*AVAILABLE DATA*
_ _ _
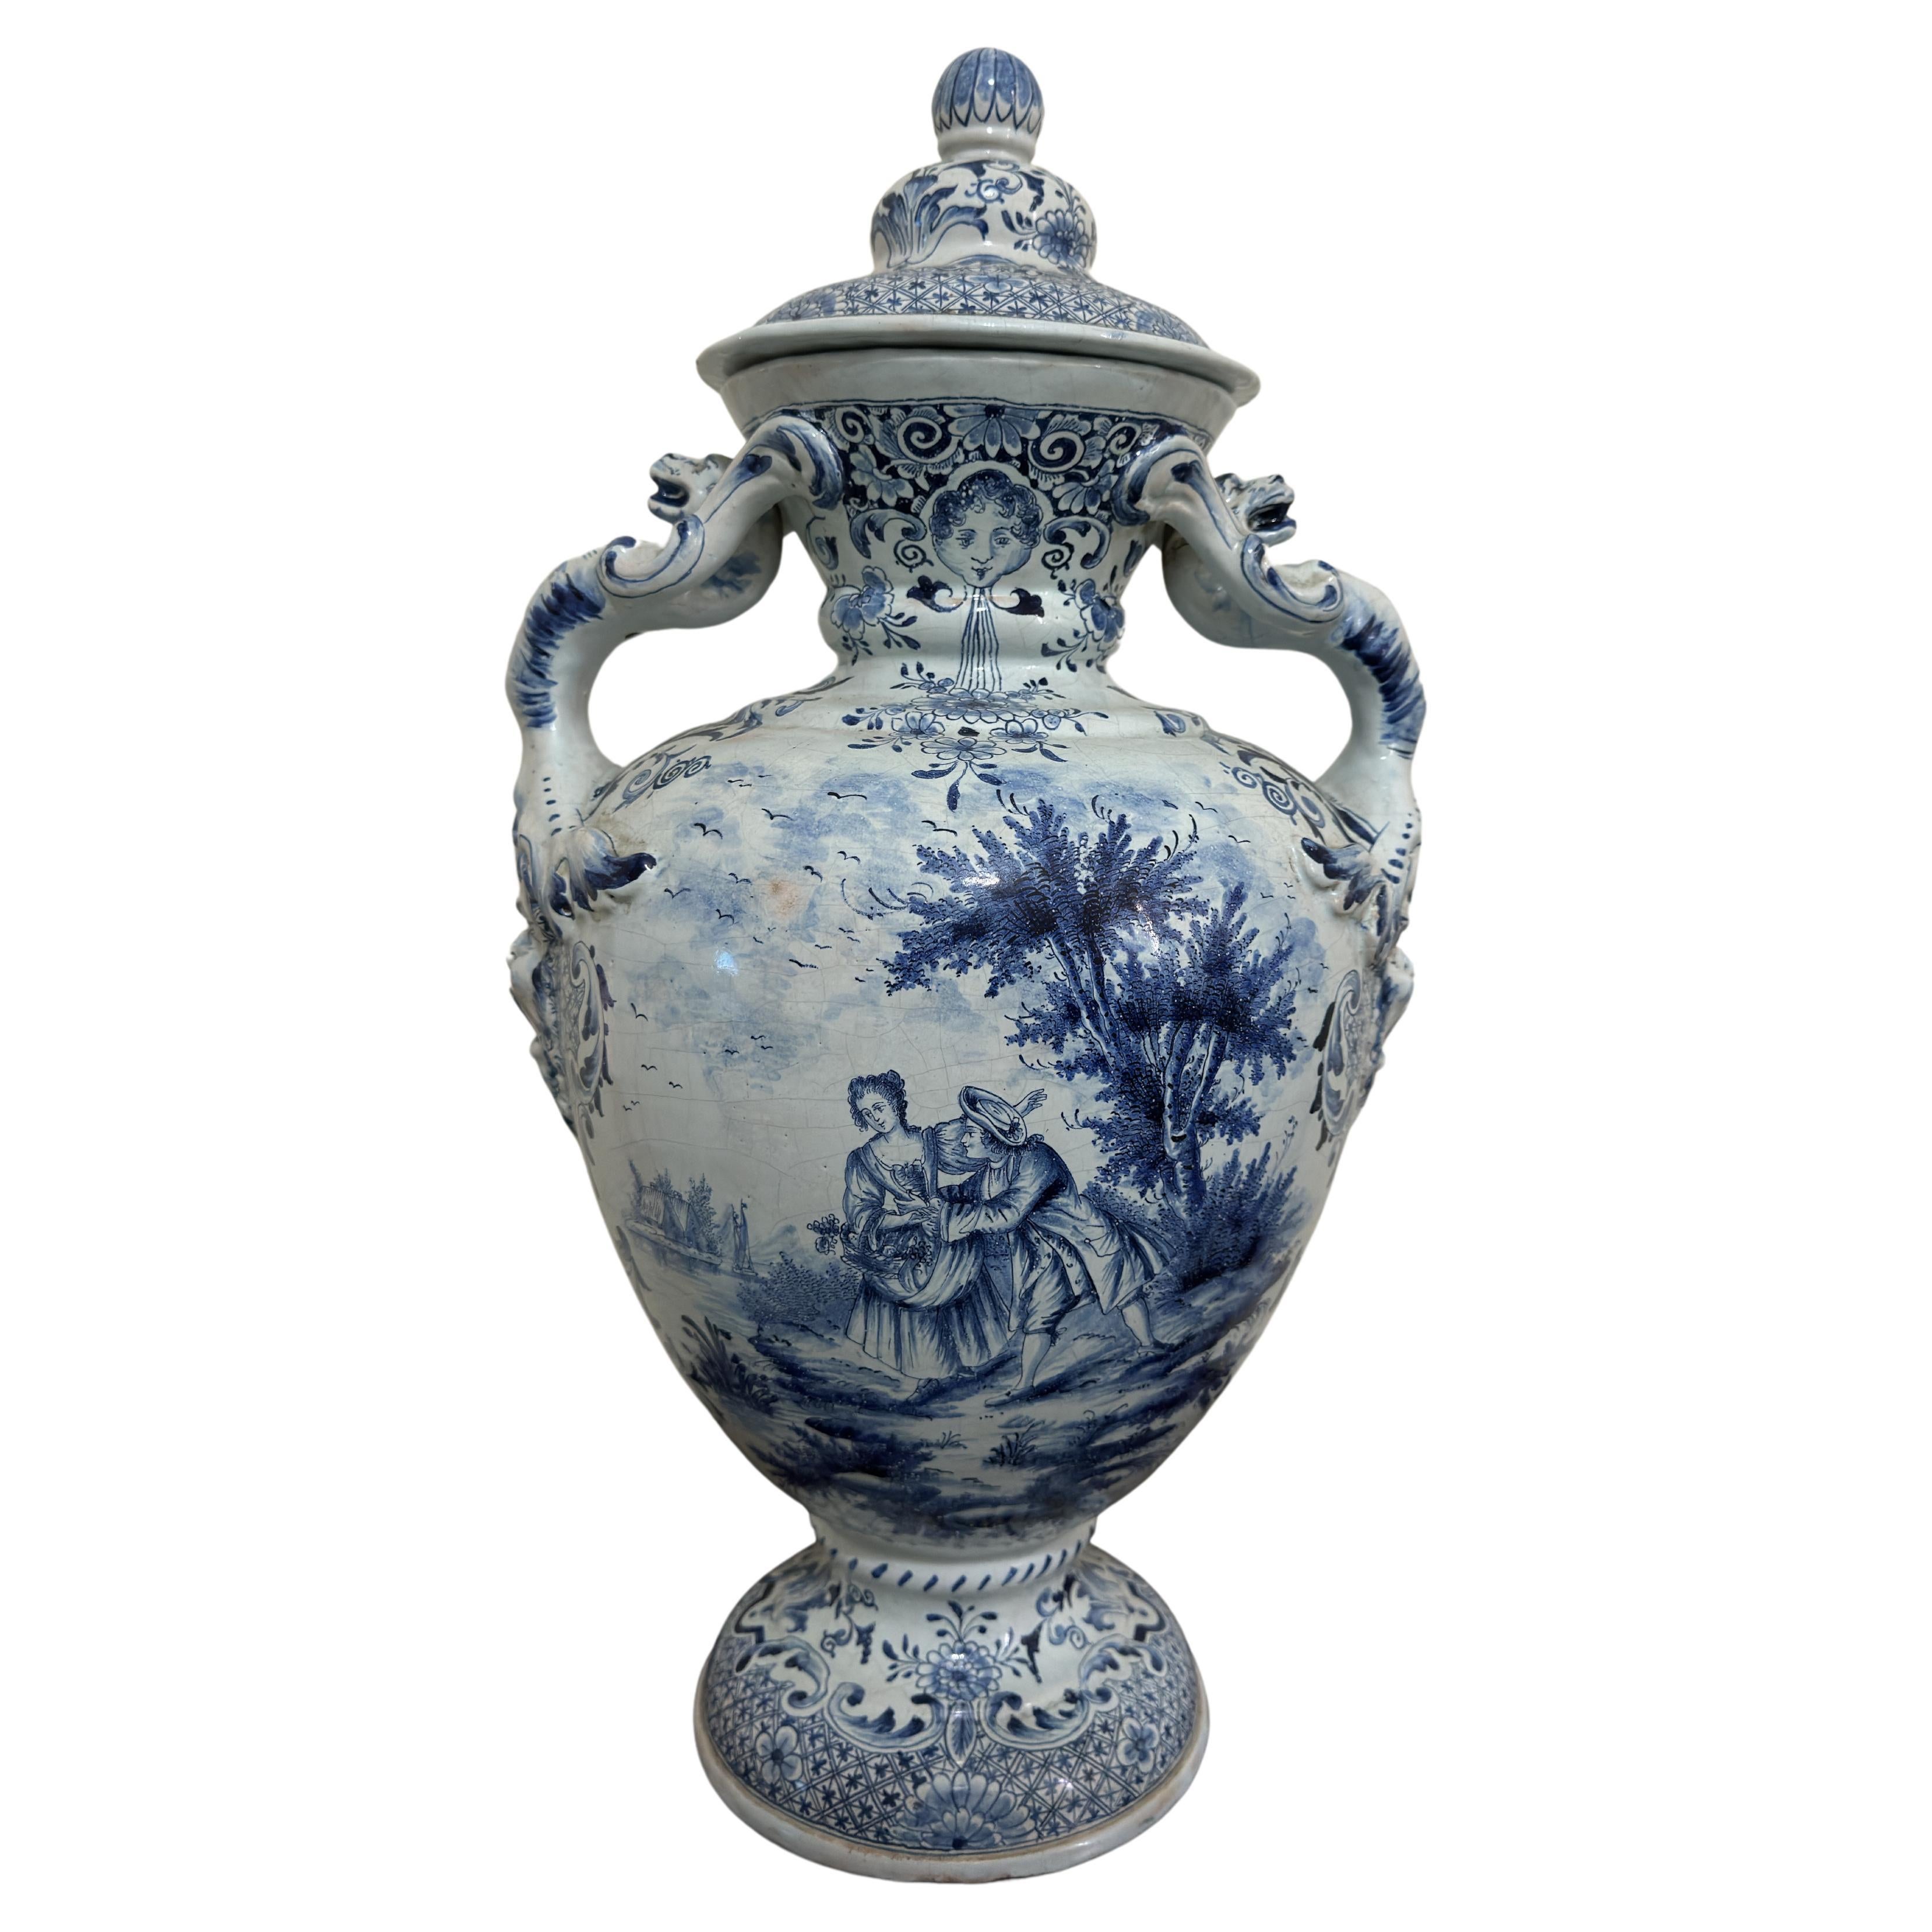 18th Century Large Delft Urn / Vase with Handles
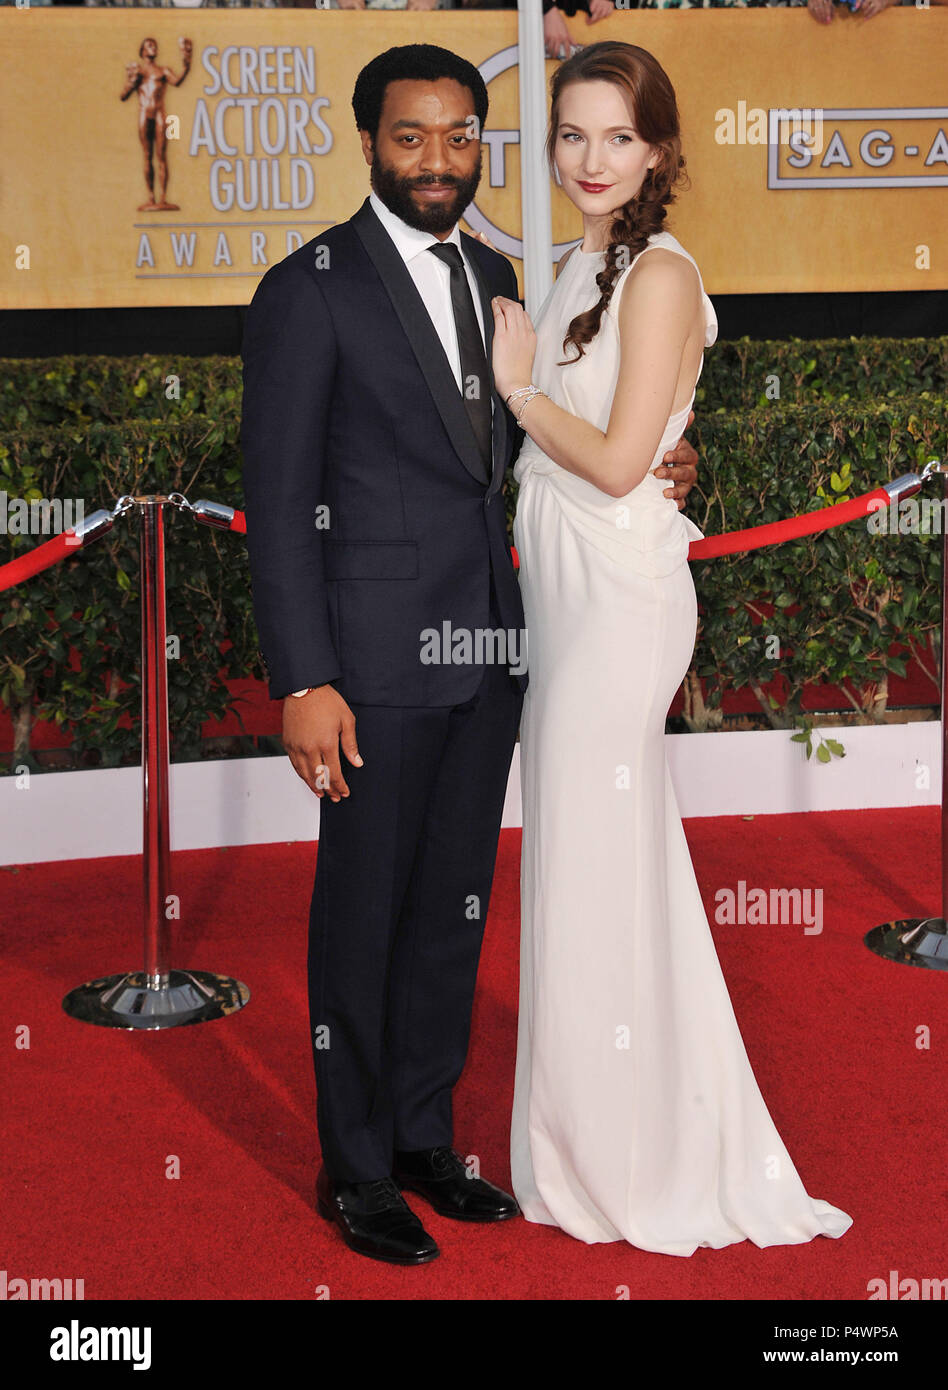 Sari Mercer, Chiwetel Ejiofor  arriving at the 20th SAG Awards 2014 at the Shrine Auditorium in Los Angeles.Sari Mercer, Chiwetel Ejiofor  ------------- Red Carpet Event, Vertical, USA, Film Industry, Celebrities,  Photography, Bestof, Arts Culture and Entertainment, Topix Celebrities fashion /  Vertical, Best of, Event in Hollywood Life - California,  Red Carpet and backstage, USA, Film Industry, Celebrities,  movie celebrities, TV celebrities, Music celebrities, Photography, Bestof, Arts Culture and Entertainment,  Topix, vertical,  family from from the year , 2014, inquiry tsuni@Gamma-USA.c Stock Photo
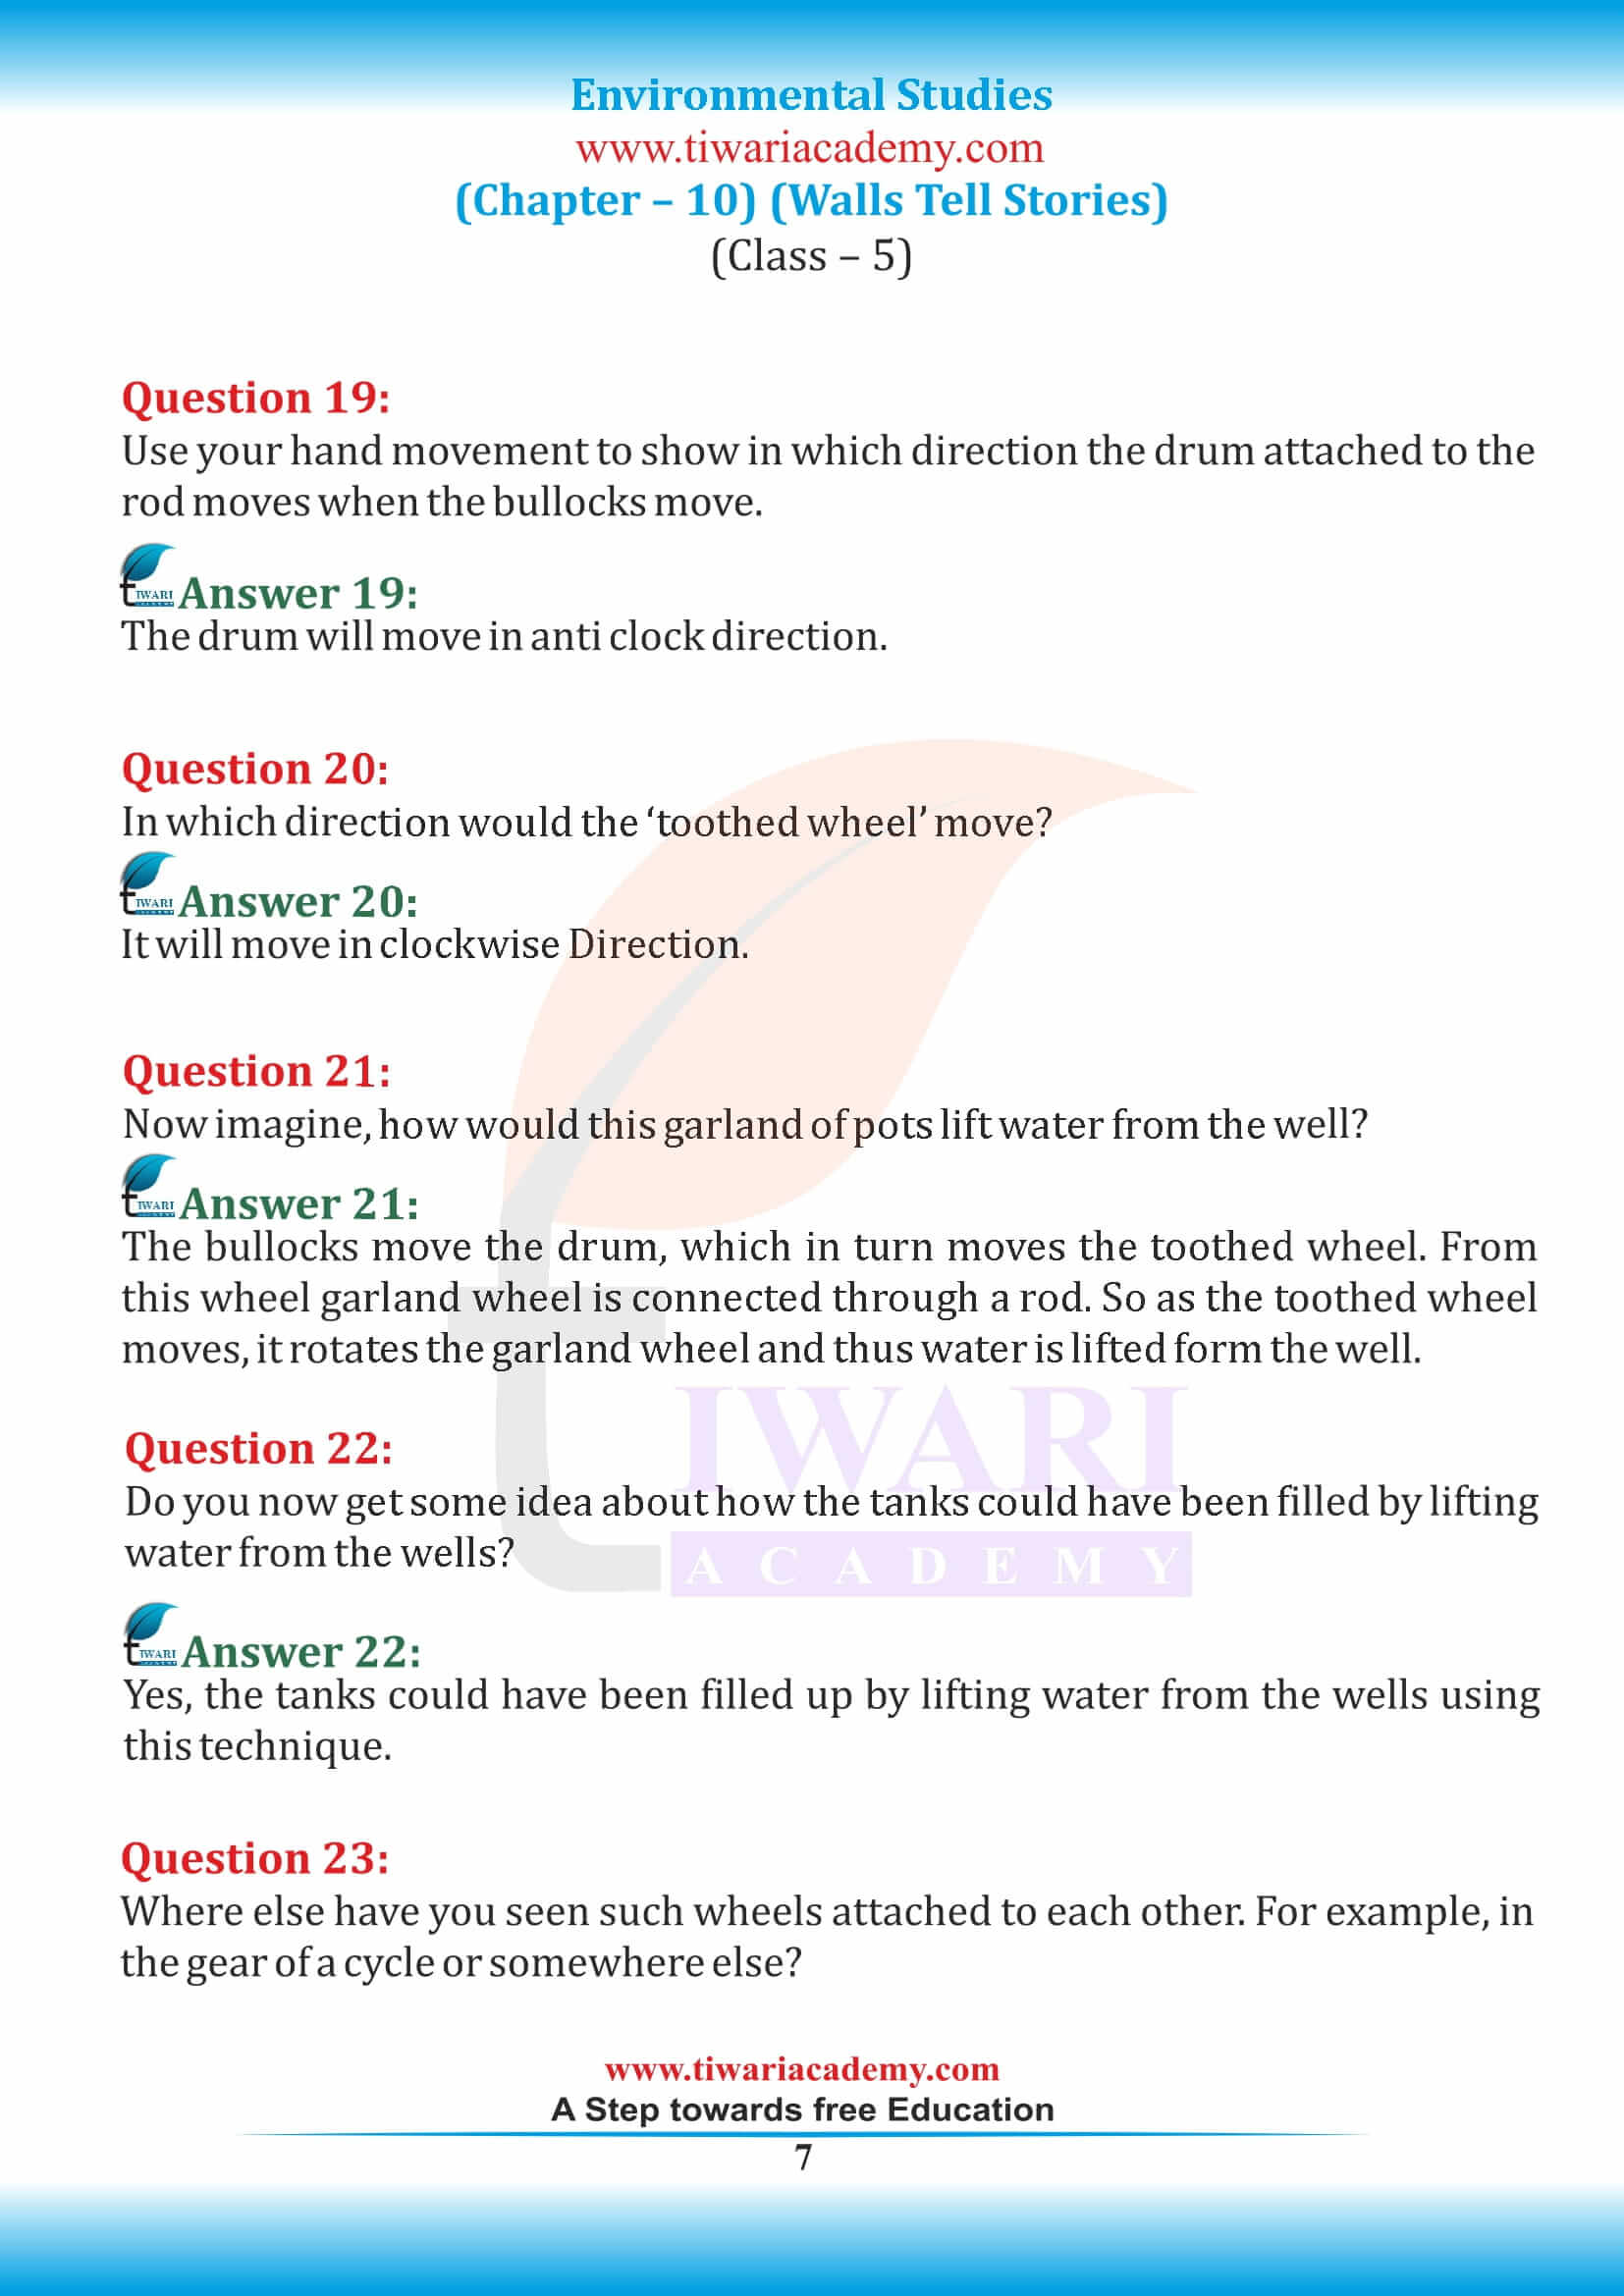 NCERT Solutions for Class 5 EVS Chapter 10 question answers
_ _ _
*WHAT YOU ARE ASKED TO DO*
Apart from the images, every line above needs to be printed again exactly.

*RESPONSE TO THIS EXERCISE*
 18th Century Large Delft Urn / Vase with Handles
 Sari Mercer, Chiwetel Ejiofor  arriving at the 20th SAG Awards 2014 at the Shrine Auditorium in Los Angeles.Sari Mercer, Chiwetel Ejiofor  ------------- Red Carpet Event, Vertical, USA, Film Industry, Celebrities,  Photography, Bestof, Arts Culture and Entertainment, Topix Celebrities fashion /  Vertical, Best of, Event in Hollywood Life - California,  Red Carpet and backstage, USA, Film Industry, Celebrities,  movie celebrities, TV celebrities, Music celebrities, Photography, Bestof, Arts Culture and Entertainment,  Topix, vertical,  family from from the year , 2014, inquiry tsuni@Gamma-USA.c Stock Photo
 NCERT Solutions for Class 5 EVS Chapter 10 question answers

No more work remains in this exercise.